* **YOUR INSTRUCTIONS**
Starting at the first line of the data and ending at the line with "Versatile and Stylish", copy each line exactly. Include both of those lines, but no pictures.

======== GIVEN INFORMATION

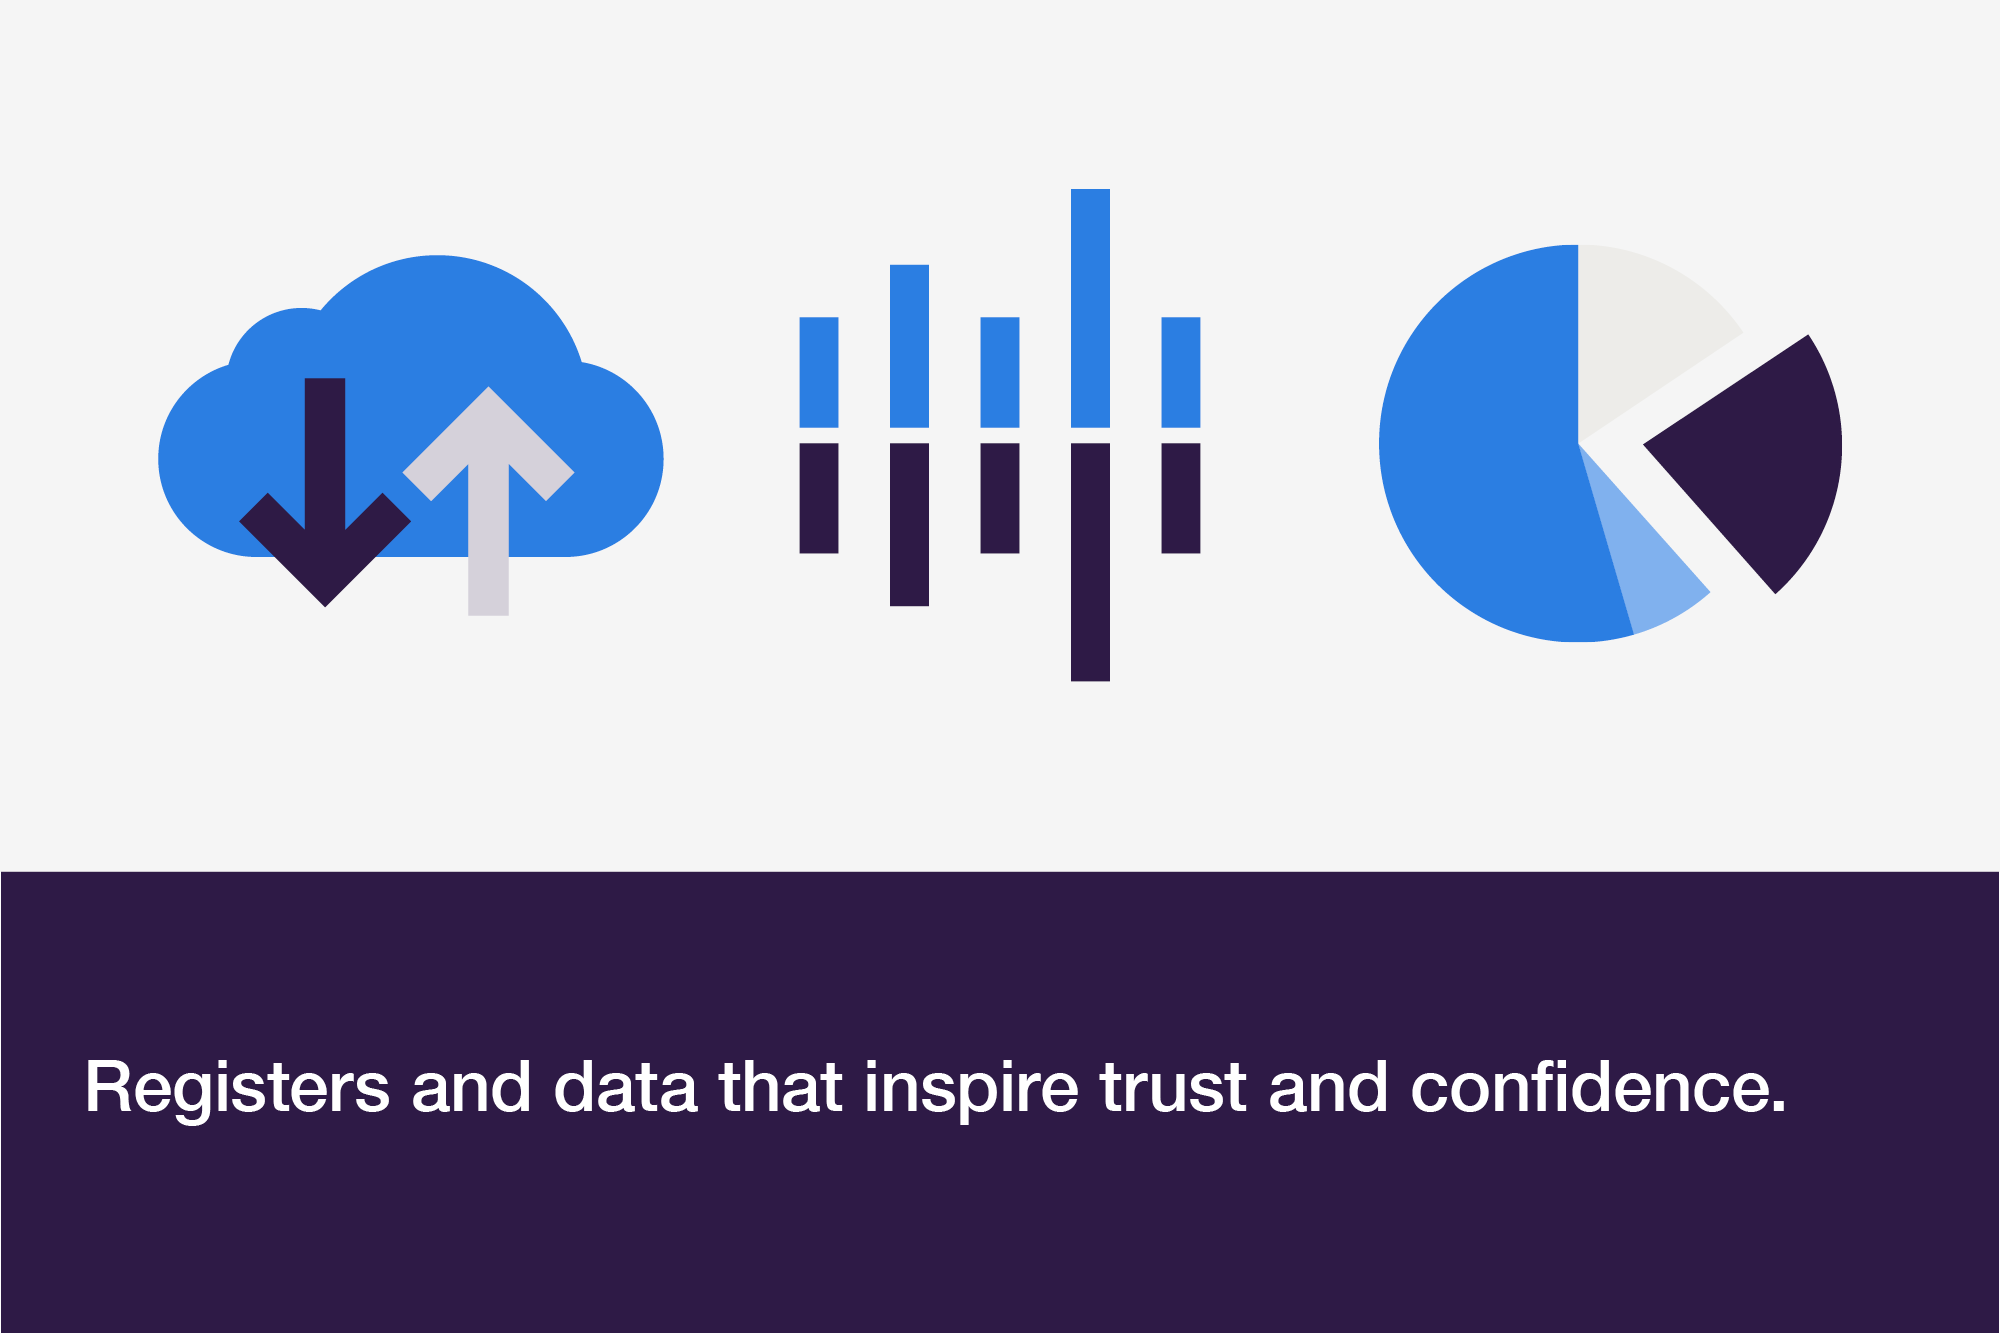 Registers and data that inspire trust and confidence.
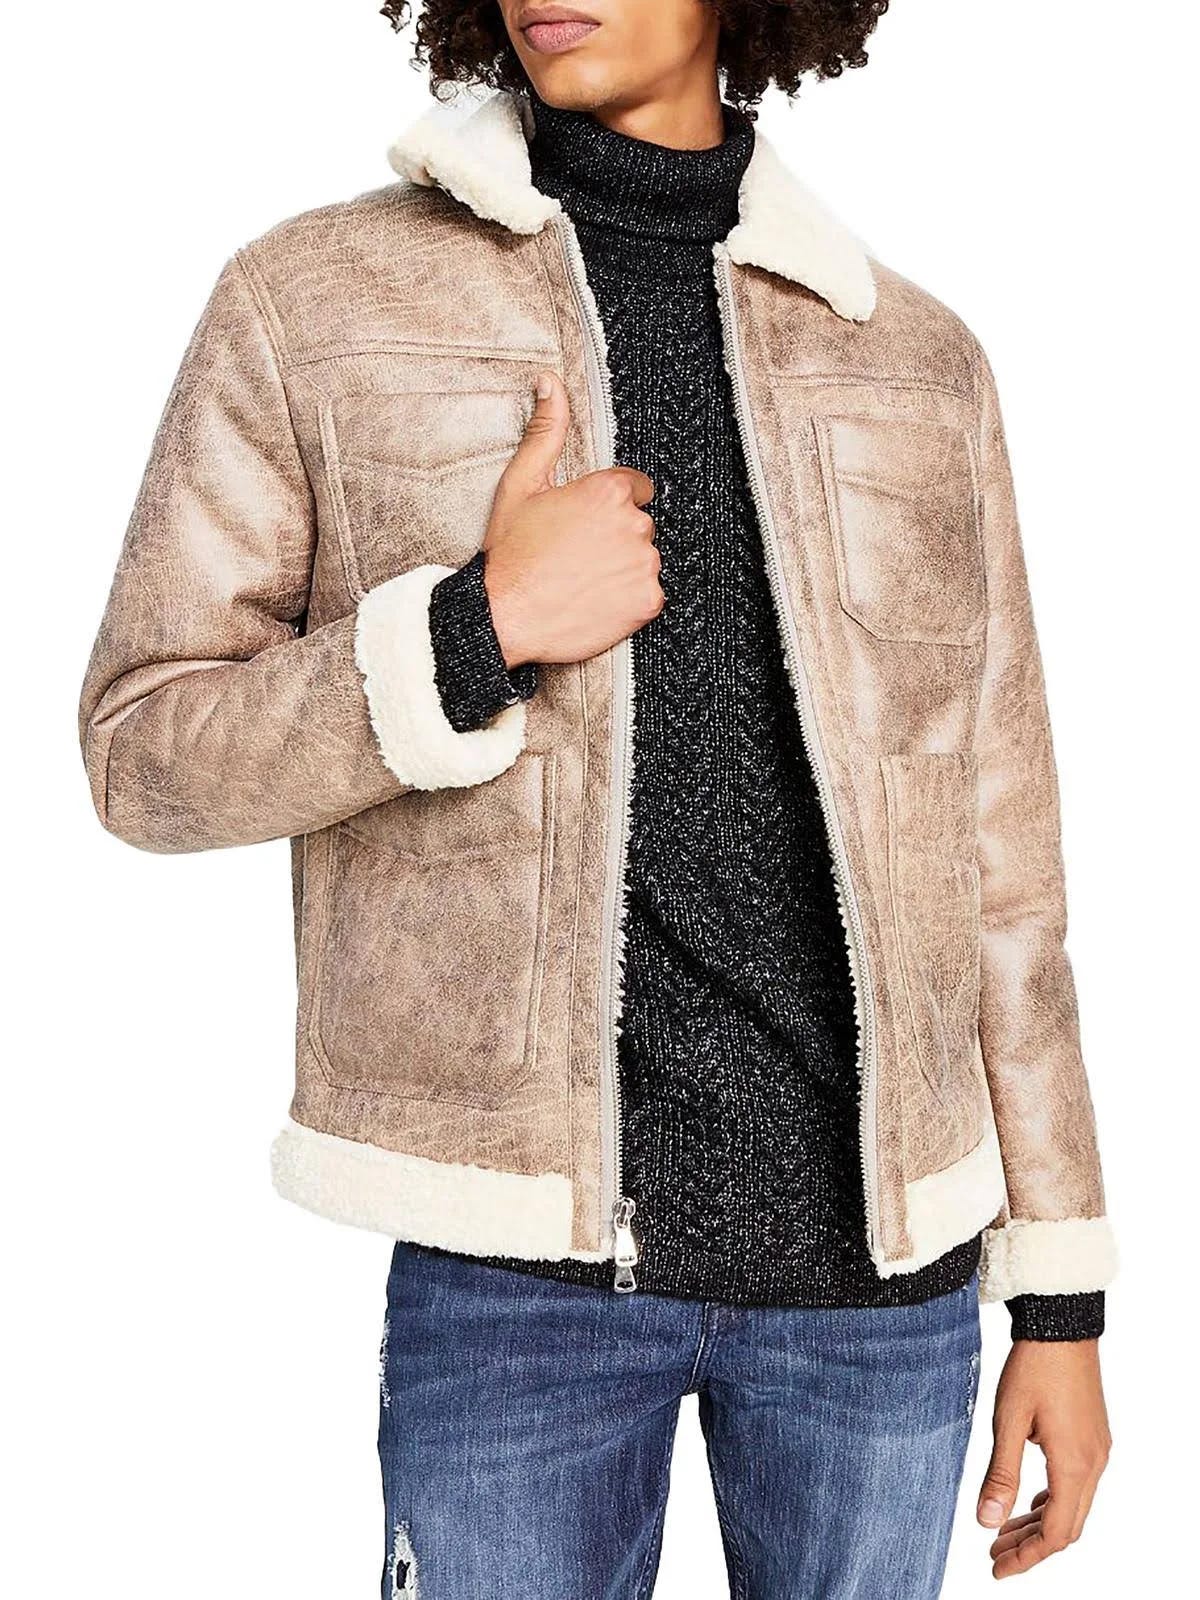 Versatile and Stylish Men's Faux Fur Coat with Fleece Lining | Image
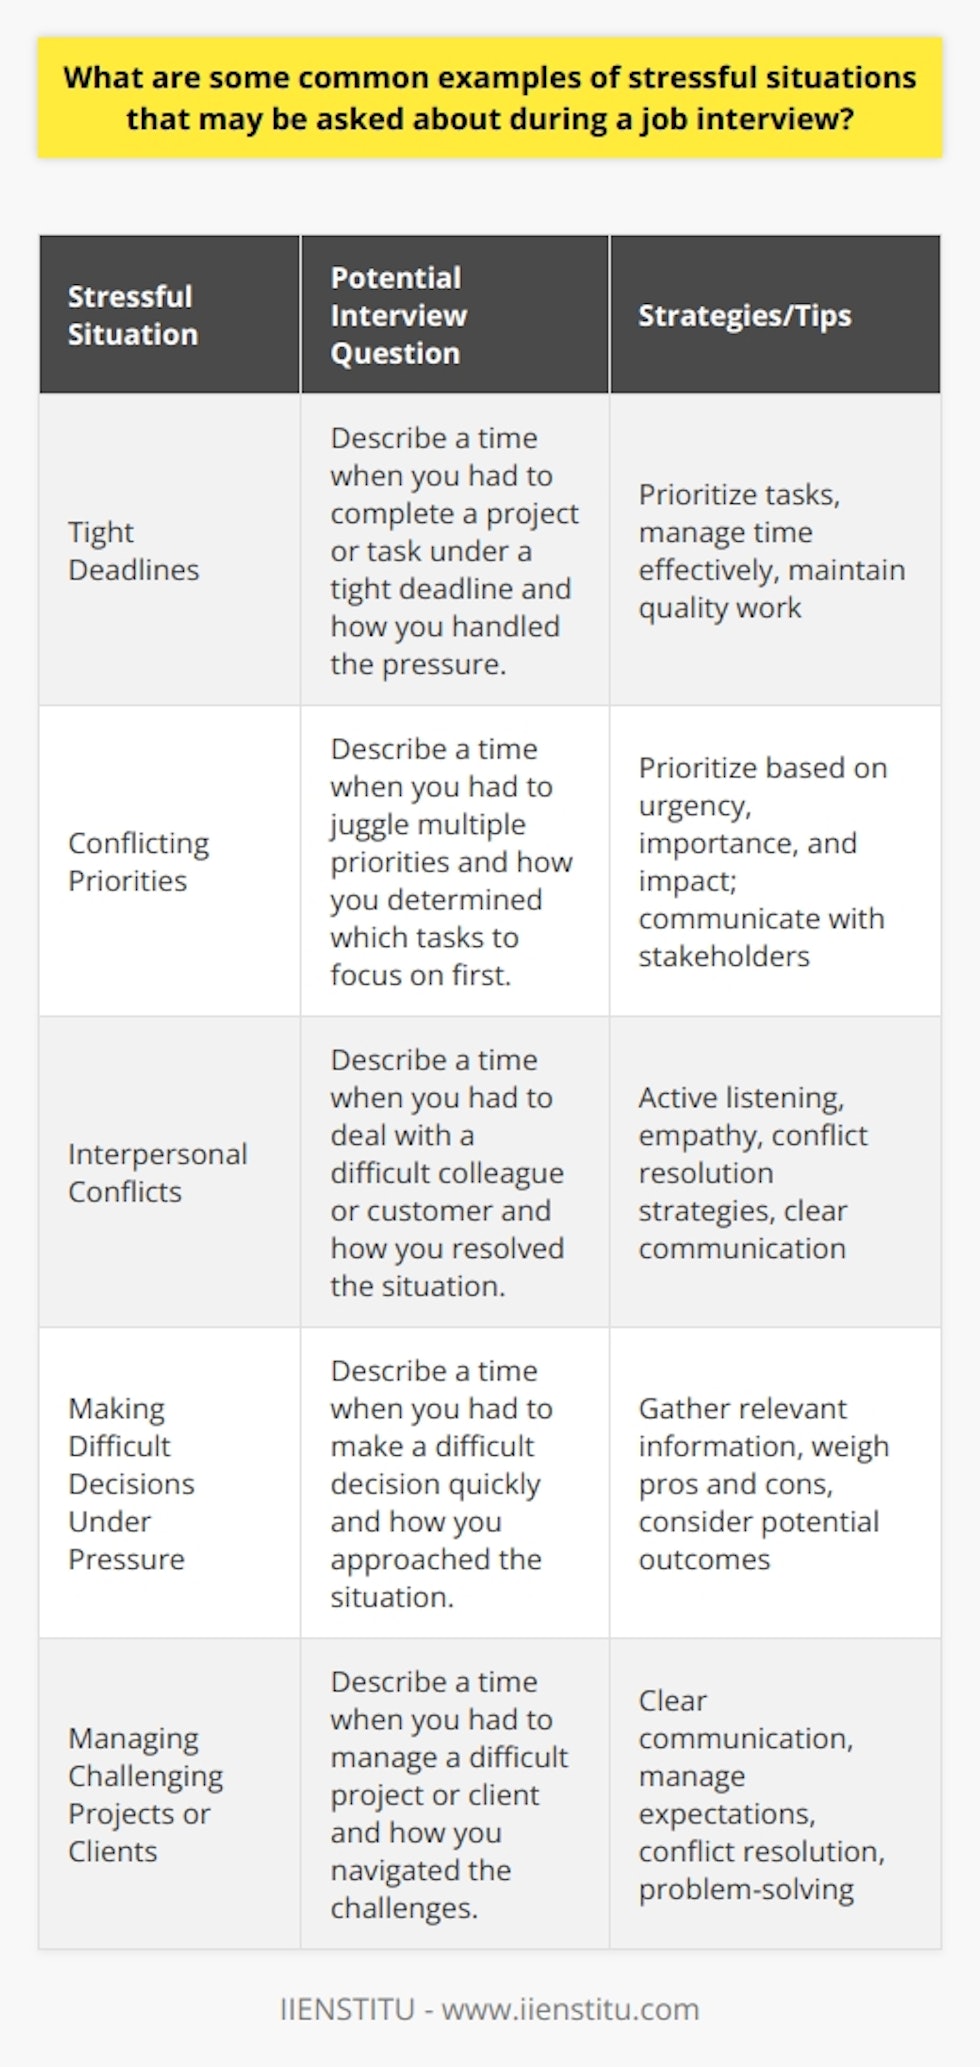 During a job interview, employers may inquire about how candidates handle stressful situations to gauge their problem-solving skills and resilience. Some common examples of stressful scenarios that interviewers may ask about include tight deadlines, conflicting priorities, and interpersonal conflicts. Interviewers may also ask candidates to describe a time when they had to make a difficult decision under pressure or how they managed a challenging project or client. Tight Deadlines One of the most common stressful situations in the workplace is dealing with tight deadlines. Employers want to know that candidates can prioritize tasks, manage their time effectively, and deliver quality work even when under time constraints. Interviewers may ask candidates to describe a time when they had to complete a project or task under a tight deadline and how they handled the pressure. Conflicting Priorities Another common stressful situation in the workplace is dealing with conflicting priorities. This can happen when multiple projects or tasks require attention simultaneously, and the candidate must decide which ones to prioritize. Interviewers may ask candidates to describe a time when they had to juggle multiple priorities and how they determined which tasks to focus on first. Strategies for Dealing with Conflicting Priorities    Interpersonal Conflicts Interpersonal conflicts can also create stress in the workplace. These conflicts can arise between coworkers, managers, or clients and can be challenging to navigate. Interviewers may ask candidates to describe a time when they had to deal with a difficult colleague or customer and how they resolved the situation. Tips for Resolving Interpersonal Conflicts    Making Difficult Decisions Under Pressure Employers also want to know that candidates can make sound decisions under pressure. Interviewers may ask candidates to describe a time when they had to make a difficult decision quickly and how they approached the situation. They may also ask about the outcome of the decision and what the candidate learned from the experience. Managing Challenging Projects or Clients Finally, employers may ask candidates about their experience managing challenging projects or clients. These situations can be stressful because they often involve multiple stakeholders, competing interests, and high stakes. Interviewers may ask candidates to describe a time when they had to manage a difficult project or client and how they navigated the challenges. Strategies for Managing Challenging Projects or Clients

================

* **SOLUTION FOR THIS EXERCISE**
 Registers and data that inspire trust and confidence.
 Versatile and Stylish Men's Faux Fur Coat with Fleece Lining | Image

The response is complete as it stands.